As an orphan who grew up in a remote village and only escaped the poverty of the village through the skin of his teeth to attend a university, he was a studious student who helped his classmates in their studies and had a promising future. He never smoked nor womanized. However, a combination of fate and societal norms makes it difficult for him to break away from the stranglehold of debilitating poverty.
All his efforts to get a job is always frustrated when he is almost getting to the relieving point. In fact, his fate was so battered that any one who seems to want to render any assistance is either afflicted by one misfortune or another thus making his life more sinister and sadder.
After pounding the streets without any success at securing a job, he has to decide to take what was available as a teacher in an unregistered tutorial centre. As it is with such jobs, the pay was low and not enough to reward him for the long years spent in the university sweating it out to be a better member of the society. At dawn one day, the centre was shut down by the authorities for being unregistered and this happened a few days to when he was expecting to be paid at the end of the month!
Adaba rolls form one misfortune to the other and the reader at a point would perhaps ask himself when this distress would end or whether Adaba was created solely to be a chess on the board of life to be played here and there by some unseen forces. The story then brings a new twist with the revelation of the circumstance that led to his being orphaned and the belligerence of his grandmother who had all along thought he would be satisfied with living his life as a village boy and not move to the city. He went against the grains and was this responsible for his cruel fate?

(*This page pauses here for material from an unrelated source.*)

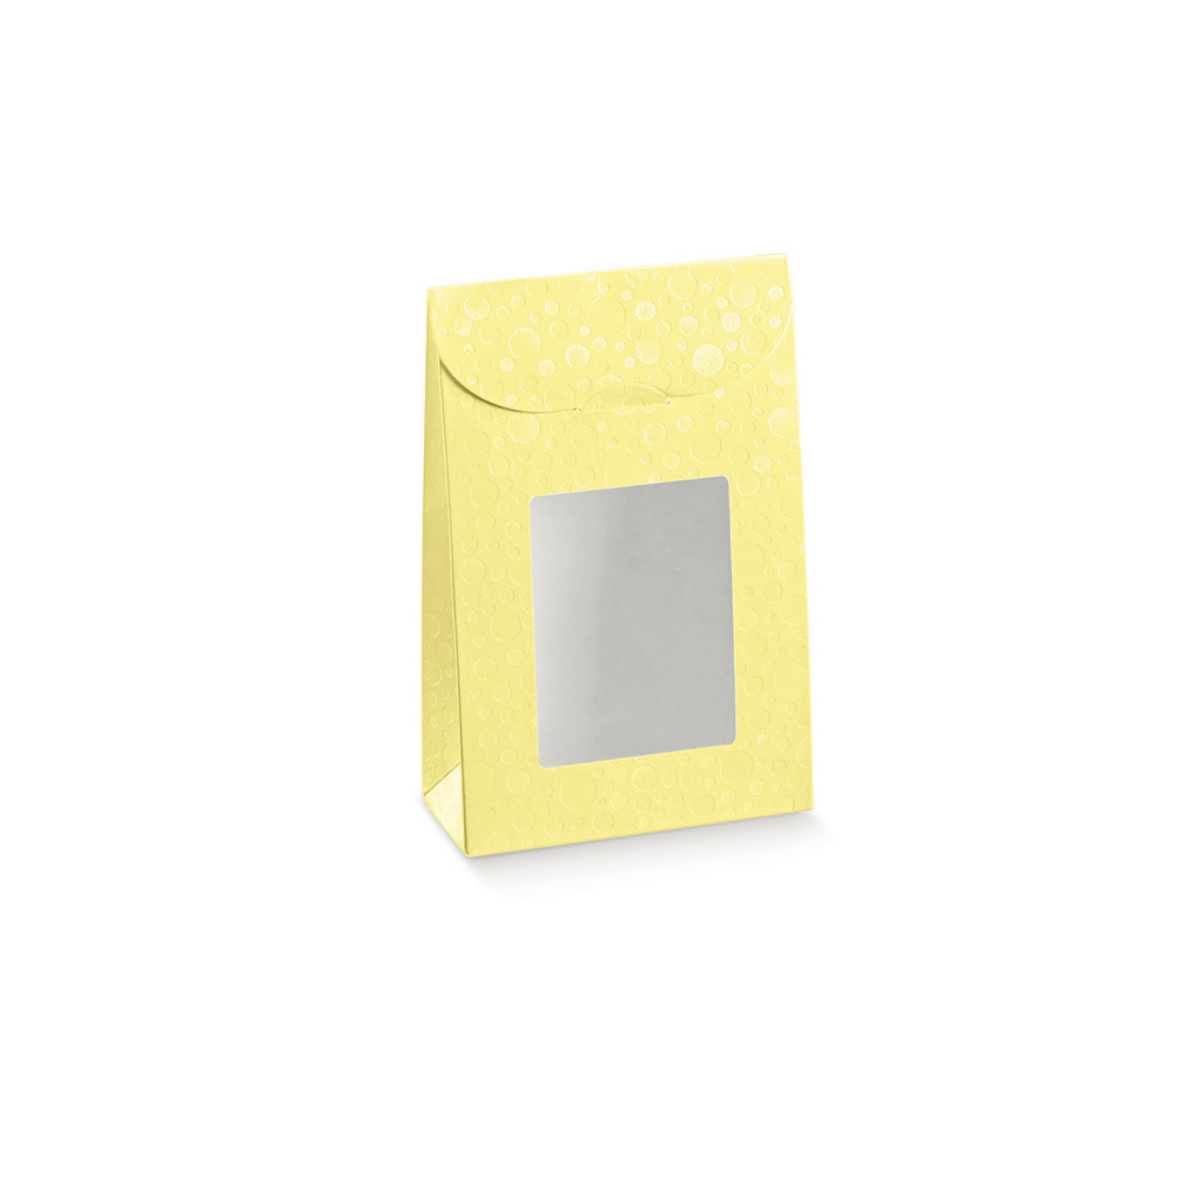 10 pz Sacchetto con finestra in cartone giallo € 0,60 Cad + Iva
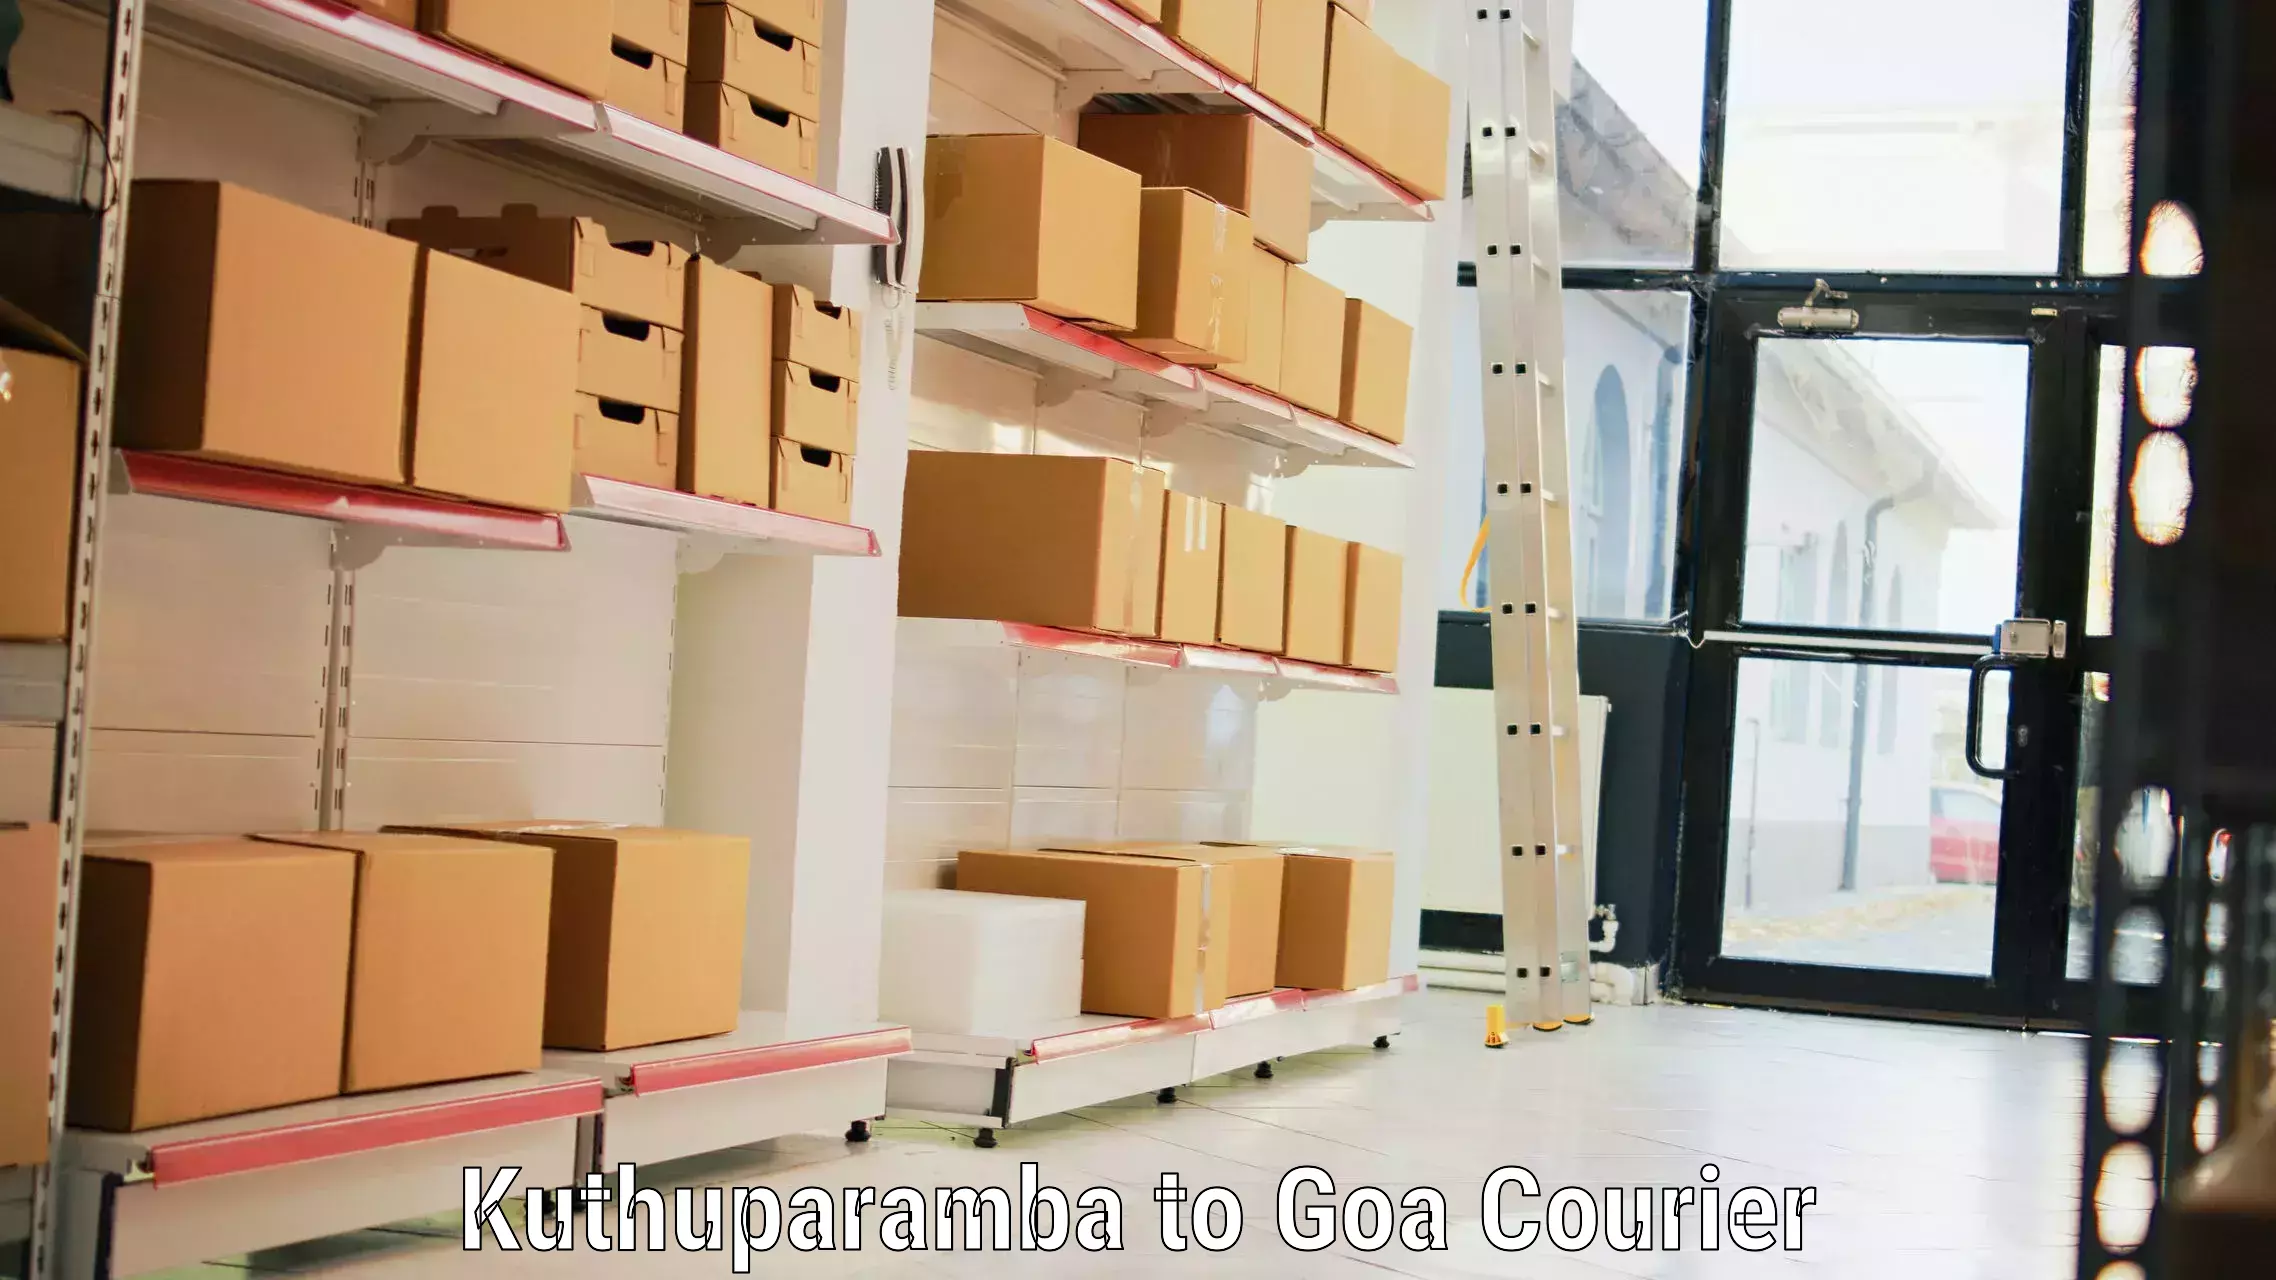 Baggage transport management Kuthuparamba to NIT Goa

He later met someone who tries to help him solve this riddle and in travelling to his ancestral home and meeting Adaba’s grandmother he also got to know himself better. He had to renounce his devotion to serve his people and return to his former life in America. The tale is intriguing and very interesting. There is no doubt that Adeboboye has through this debut novel, he had a few years back published a collection of poems, announced his arrival on the scene as a novelist. The graduate of Drama from the famous University of Ibadan Drama Department has shown that he is an adept lover of Greek Tragedy. Adaba’s fate throughout the 368 pages are grim and tragic. Perhaps the only sunny side of it is the hope that he would survive the accident and live a better life after such a gruesome encounter with life. A man who lived a straight life: no women, no drinks and not sybaritic, why is life so cruel to him?
Adeboboye has with this introduced himself as a writer to watch. This is not to say he is new to writing; he is an award-winning journalist who has been garlanded both at home and abroad. But fiction is not journalism neither is journalism fiction. He has like most journalists who traversed both genre of writing done a good job. There are however a few glitches that have to be corrected in future reprints. For instance, is it Mr. Petrus Chamba (or Chamber? p35, 36 and 37), “what have been up to” instead of “what have you been up to?” (p188), “When chief Julius was done, they all repaired to the Palace…(p293)”, it should be returned not repaired, and on page 307 “but…I was just wandering”, should read wondering.
These few malapropisms do not however inhibit the enjoyment of flow of the story.